Towards the end of the gloomy winter here in southwest Germany, I’m usually starved for telltale signs of spring: tulips and daffodils, birds singing before sunrise, earthworms scattered on the sidewalks (which I try my best not to decapitate), and the fresh scent of dirt in the warming air.
But before these signs start to emerge, there’s one annual occasion in Germany that’s meant to lighten the mood first.
I had always equated Carnival with New Orleans, Rio de Janeiro, boobs, beads, and booze (despite its religious connection). Being non-religious and not really the hedonistic type, it was never really an occasion that appealed to me. And growing up in the Canadian Maritimes, it was outside my realm of familiarity.
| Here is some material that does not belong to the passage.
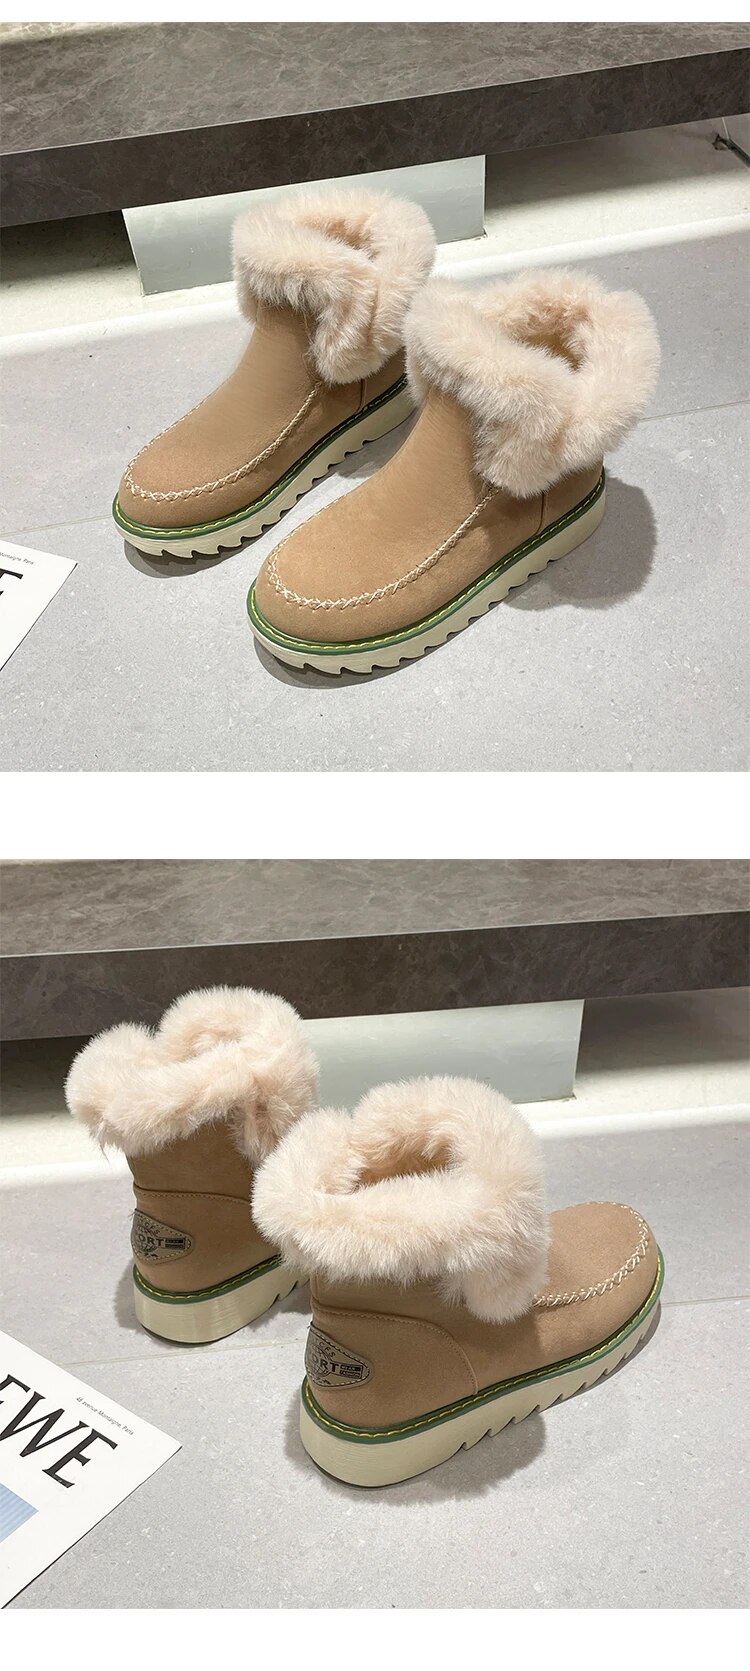 come4buy.com-Women Suede Snow Boots Warm Plush Ankle Boots

I actually didn’t realize that Germans celebrated Carnival (Karneval) until I moved here a few years ago. I passively acknowledged it in the city I live in, Mannheim, where a fair is always set up in front of the Wasserturm (“water tower,” the central monument in the city) and costumed folk (Hästräger) take to the main street to indulge in beer, bratwurst, and music (often horrendous—sorry fans of schlager). Given that I live just around the corner, it was hard not to notice, but Mannheim is by no means Karneval central—that reputation belongs to Cologne (Köln).
At first glance, I likened the whole thing to Halloween in North America—basically an excuse to party. But after doing some research, I realized that the days leading up to Lent in Germany signified more than a Church-approved free pass to let loose—it’s actually pretty serious business in some regions.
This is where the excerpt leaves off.